Advertentie
ruimte en milieu / Nieuws

Verhuiscoach helpt ouderen doorstromen

Nieuwegein vergrijst en de lokale woningmarkt zit op slot. Hoe kun je als gemeente de doorstroming stimuleren? Een verhuiscoach adviseert er met succes oudere huurders én eigenaren van een koopwoning. ‘Hier kon mama weer verder.’

12 oktober 2018

Hoe Nieuwegein de woningmarkt in beweging brengt


Een jonge stad vol jonge gezinnen.

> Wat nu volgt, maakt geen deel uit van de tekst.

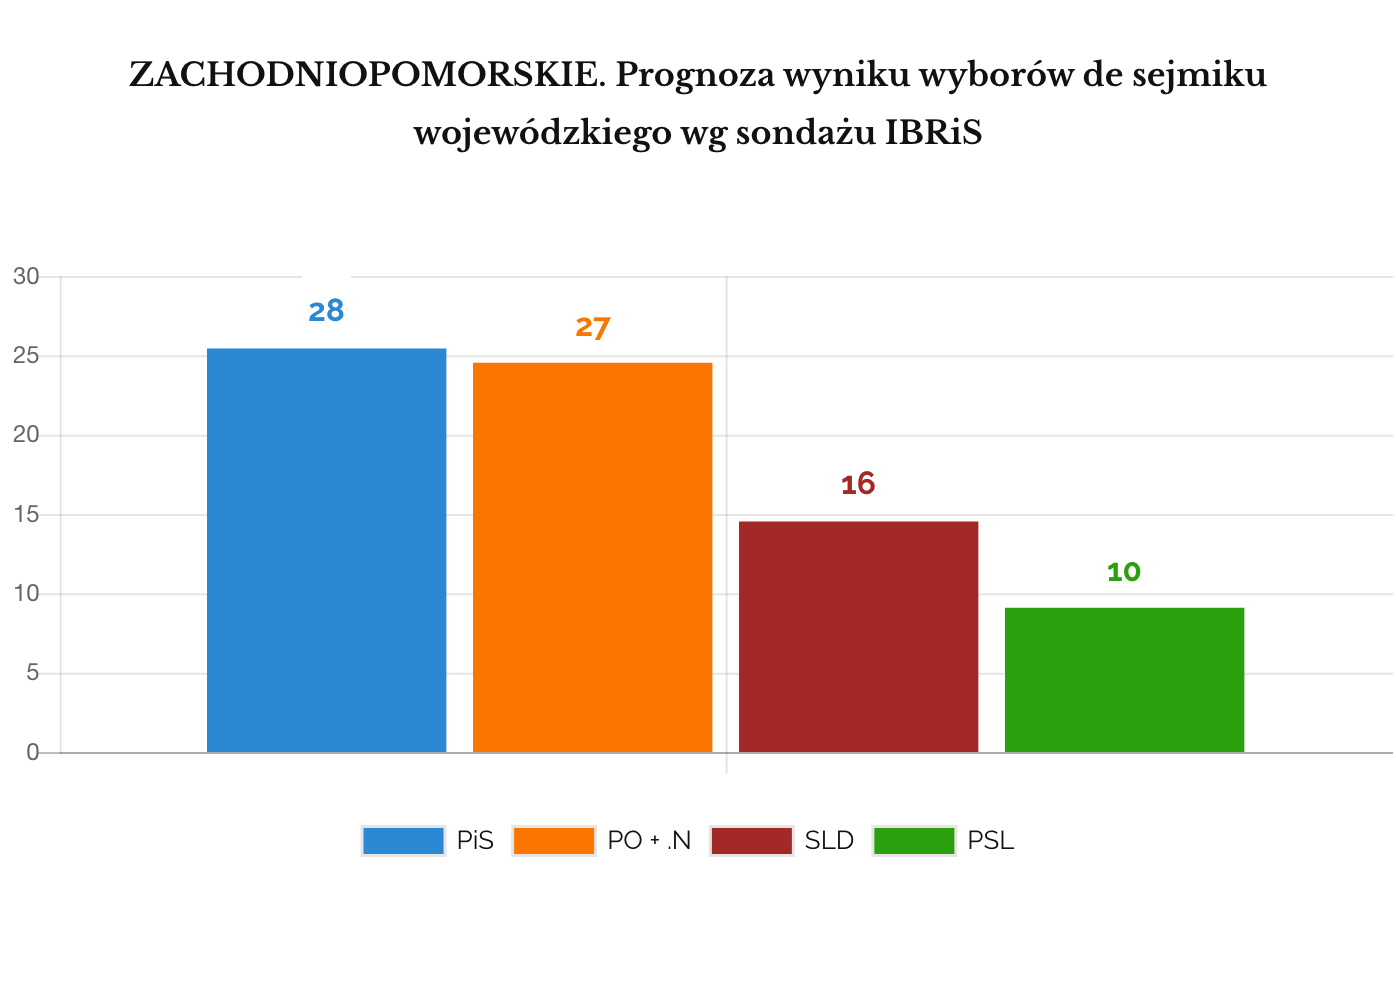 IBRIS Prognoza wyniku wyborów do sejmików wojewódzkich. ZACHODNIOPOMORSKIE

Zo begon Nieuwegein als overloopgemeente van grote broer Utrecht vanaf beginjaren zeventig te groeien als kool – tot de huidige, ruim zestigduizend inwoners. ‘Bijna alle Nieuwegeiners zijn hier toen als jongdertiger met twee kinderen komen wonen’, zo vat wethouder Hans Adriani (wonen, PvdA) lachend samen. ‘In de wetenschap dat ze na vijf jaar vast weer terug naar hun oude, gezellige stad zouden gaan.’ Maar het leven in Nieuwegein beviel de nieuwkomers te goed. ‘Ze wonen hier allemaal nog steeds, in hun eengezinswoningen in die groene bloemkoolwijken.’

Wat is het probleem, zou je denken. Nou dit: ‘Nu worden die jonge Nieuwegeinse gezinnen van destijds allemaal tegelijk 60, 65, 70 en vervolgens nog ouder’, zegt Adriani. ‘En ze worden dus uiteindelijk ook meer zorgbehoevend. Die eenzijdige bevolkingssamenstelling onderscheidt ons van omliggende gemeenten. Tegelijk is dit een regio waar de druk op de woningmarkt ontzettend groot is. De wachttijden voor sociale huur zijn tien jaar. In alle segmenten van de woningmarkt moet je knokken voor een plekje.’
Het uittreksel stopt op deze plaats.